Nostalgia makes me nauseous. I cannot listen to late 80s
music without my bile rising. When I see old friends we don’t go over stories anymore which is a real relief. I don’t want to reminisce; I don’t like
to be reminded of what I did when I was too young to care, or even what I did
last week. I can just about cope with myself in the current moment. Even a
month ago I was a fool. I’d be much better in hindsight, on reflection. Which I
suppose is the affliction of any extrovert; we do like to dive in. And so my
life is made up of Homeric ‘Doh’ moments.

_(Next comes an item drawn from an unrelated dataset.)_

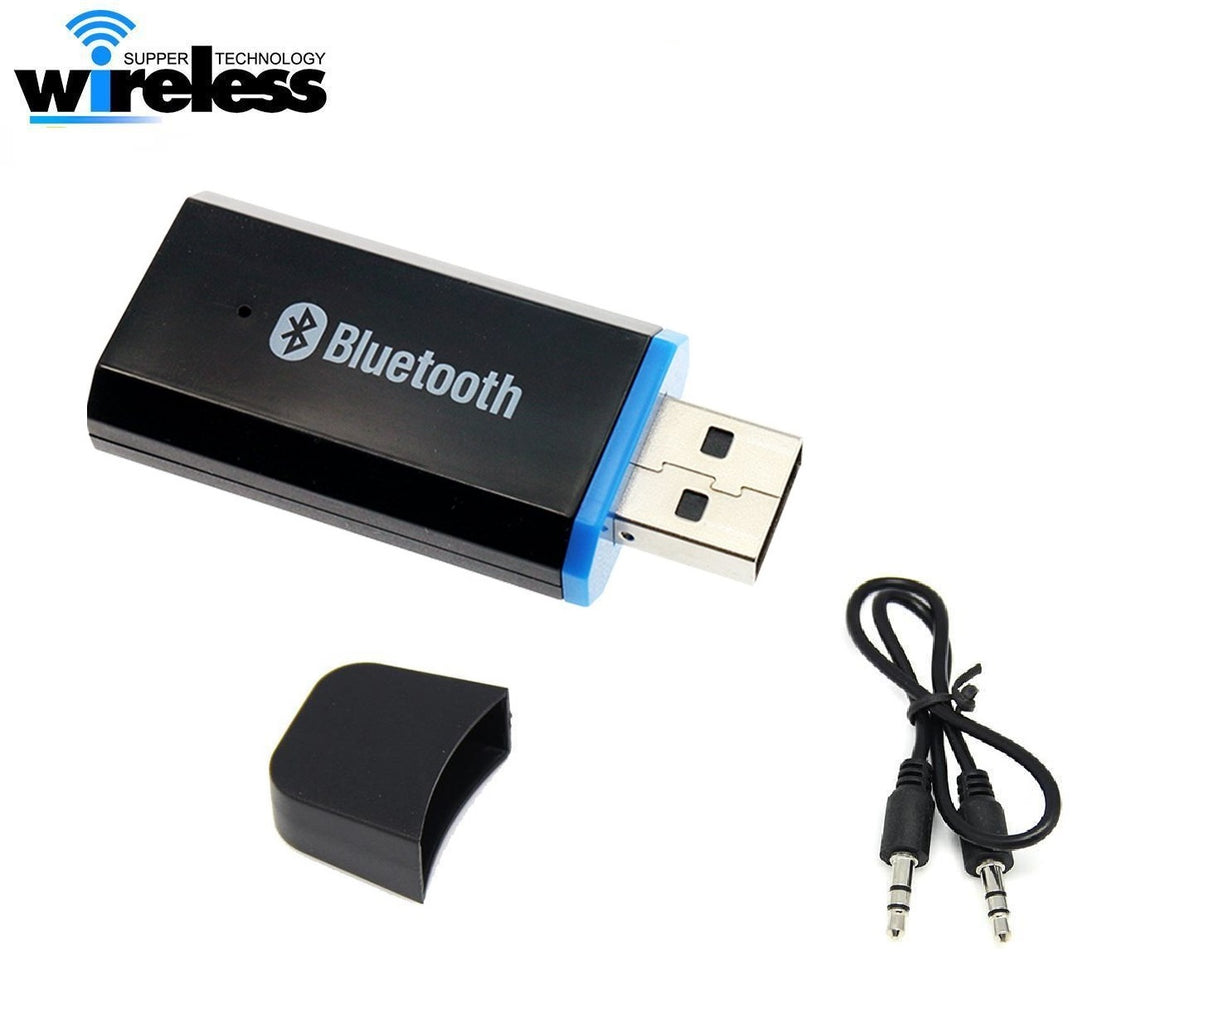 Receptor de Áudio Wireless USB / Jack 3,5mm - Multi4you®

Partly why I don’t want to look over my shoulder is because
of the other possibilities. There are a million other paths I could have taken
and that also makes me feel sick. When I think of the many worlds theory I like
to place myself as an average Kath. But what if I’m one of the worst ones? My
life certainly hasn’t followed the fairy tale I planned (Except for the
handsome prince and noble hound). Where are my wings; my magical powers, my cat
unicorn? These are all fractaling away from me every time I turn right instead
of left. I have the same feeling when I look up at the stars; the
incredibleness and the meaninglessness.
So, I try not to look back. Let’s be in the now instead, in this
second, for surely that is the only reality. My Dad talks about pixels of
experience making up a life, some happy, some a lot less so, but all tiny, and that philosophy
really helps me make sense of things. We are hurtling through time and that’s more
giddying and wonderful than the comfort or pain of remembered yesterdays.